Alguém aí pode me explicar porque diabos eu fico sonhando com o Marcos Paulo, aquele lá da Globo? Semana passada ele tava dirigindo um ônibus, no qual obviamente eu estava e obviamente se chocou com um caminhão e todo mundo morreu tostado nas labaredas; dias depois ele era o caixa de uma loja, que obviamente foi assaltada por um bando com metralhadoras e obviamente todo mundo morreu com as cabeças esburacadas das balas poderosas; e essa noite ele queria me vender um galão de água por R$ 260,00. Duzentos e sessenta reais. Eu argumentava que um galão de água não pode custar mais que R$ 4,50, mas ele dizia que o dele custava duzentos e sessenta. Eu comecei a chorar porque não tinha dinheiro, e adivinha o que ele fez?

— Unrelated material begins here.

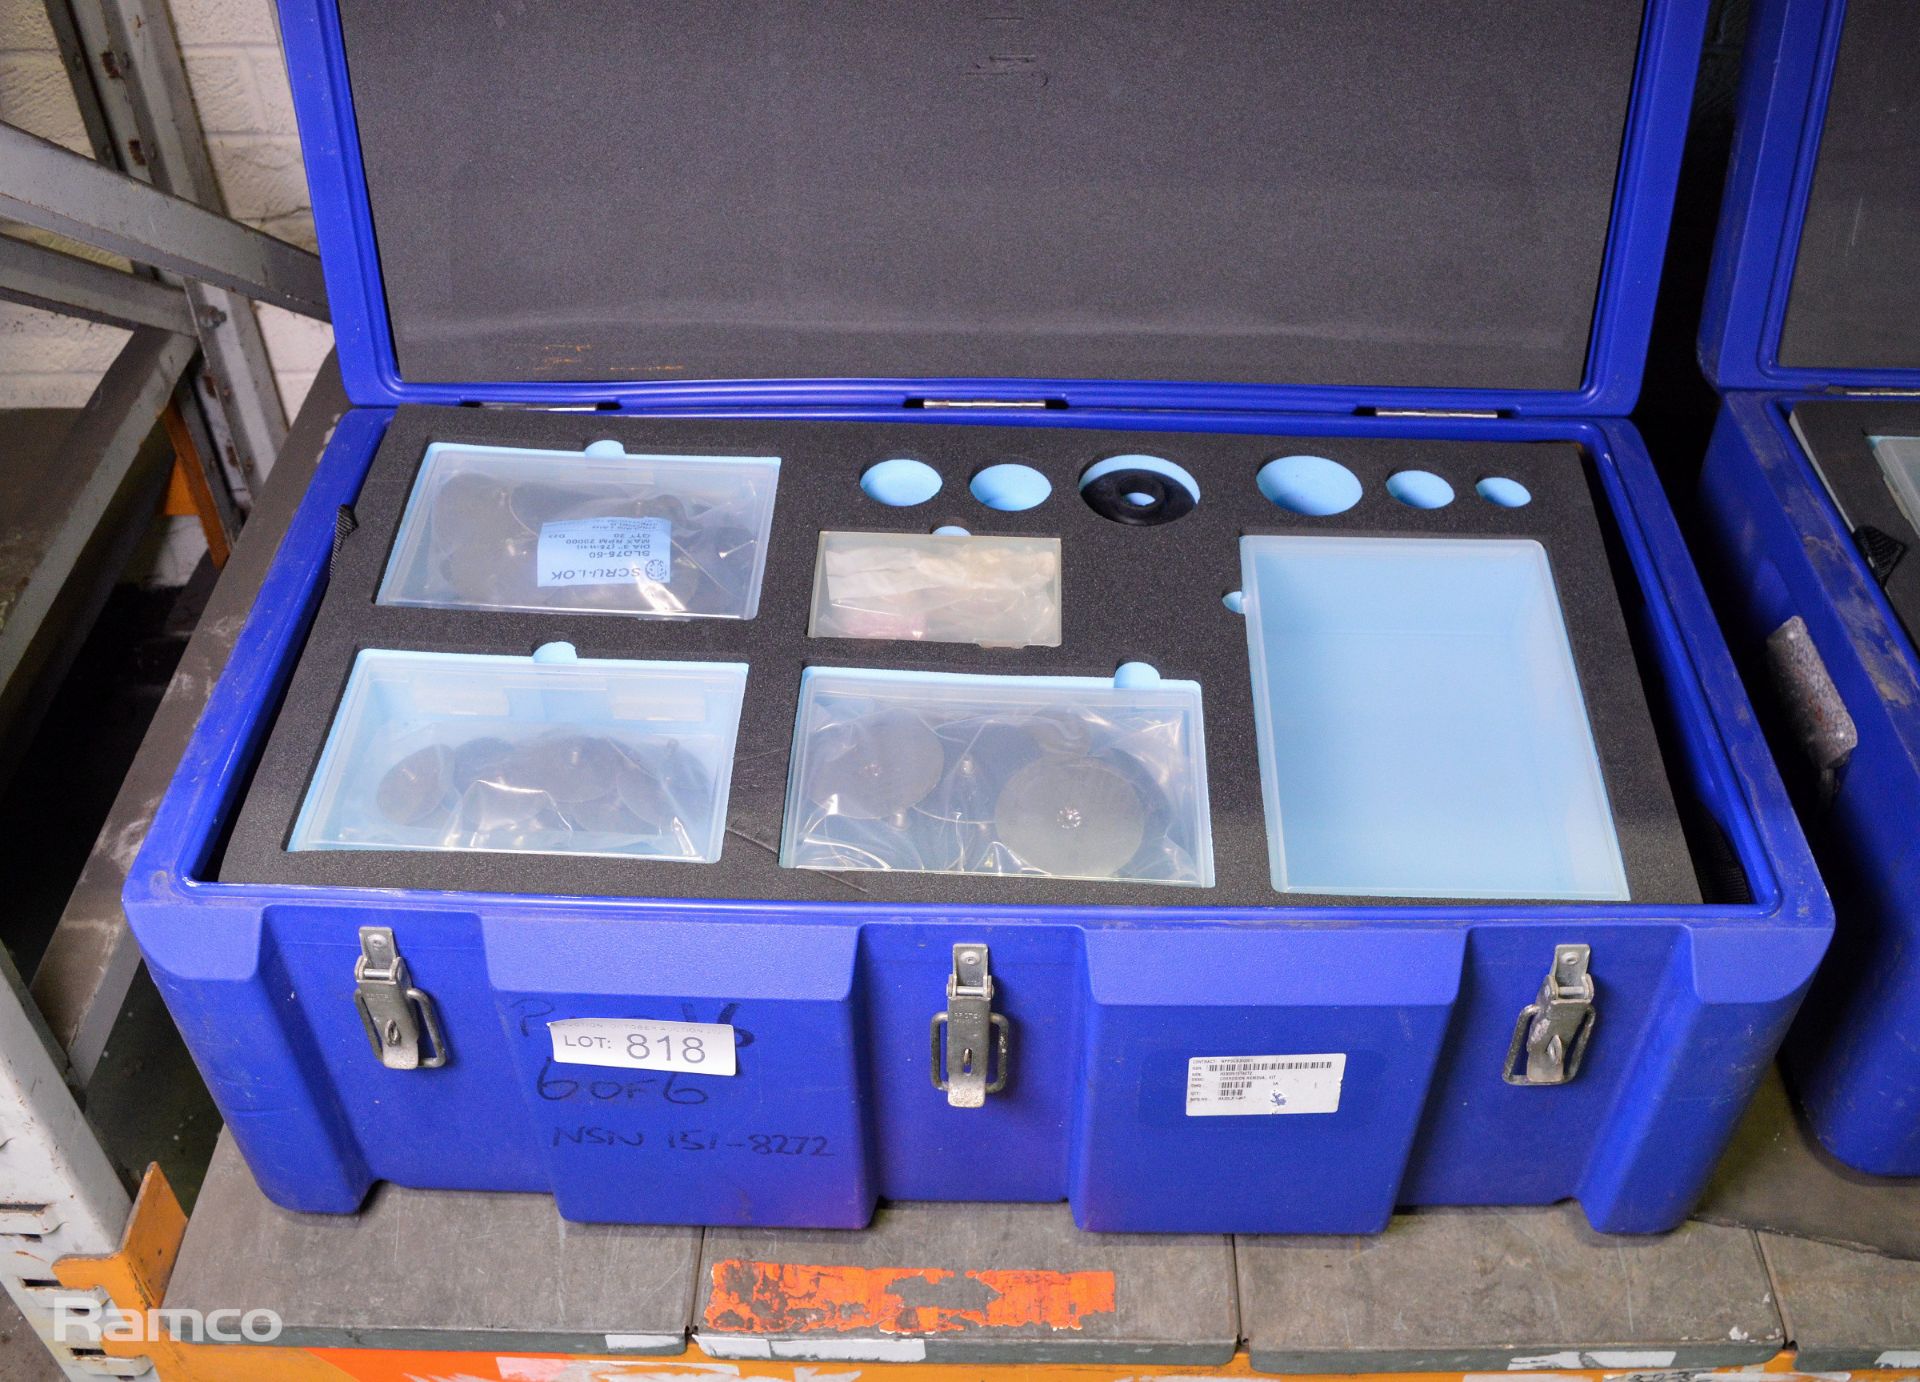 Corrosion removal kit in carry case - Image 2 of 8

Me assassinou com o galão. Que era de vidro.


....


E olha que nem Globo eu assisto.

12.10.2004

And the feeling coming from my bones says find a home




Tantas, tantas mudanças que eu nem sei por onde começar. Minha vida está tão, mas tão bagunçada, que não sei como ajeitar isso tudo até janeiro. Não sei como, mas terei que dar um jeito, já que, felizmente, dessa vez as mudanças são para melhor. Ufa. Minha cabeça, então, nem se fala. Minha cabeça já é tumultuada por natureza. Esses dias tenho tido a sensação que uns moleques fizeram um arrastão nas minhas idéias...e muita coisa foi levada embora, mas a maioria só está fora do lugar mesmo. Aquelas gavetinhas onde eu guardava algumas vergonhas sumiram, e não tenho idéia de onde foram parar. Aquele arquivo de metal antigo, onde, nas pastas suspensas, eu tinha algumas convicções para toda a vida, e que inclusive estava fechado à chave, deu lugar a uma estante, onde posso ver os meses do futuro, alinhadinhos, cheios de promessas e cores que nunca vi antes. Aquelas caixas de papelão, empilhadas temporariamente para sempre naquele canto escuro, onde eu escondia alguns terrores, foram jogadas no chão e tudo se espalhou: agora vejo alguns demônios vindo lenta e implacavelmente em minha direção, outros se arrastando para as frestas do chão de tábuas, outros se liquefazendo e logo em seguida evaporando. Tudo confuso e desordenado, e mal consigo acordar e viver, sem esbarrar em algo que não estava ali, caralho, simplesmente não estava ali antes. E eu aqui, perplexa, pensando em como será que essa história vai acabar. Como será meu futuro.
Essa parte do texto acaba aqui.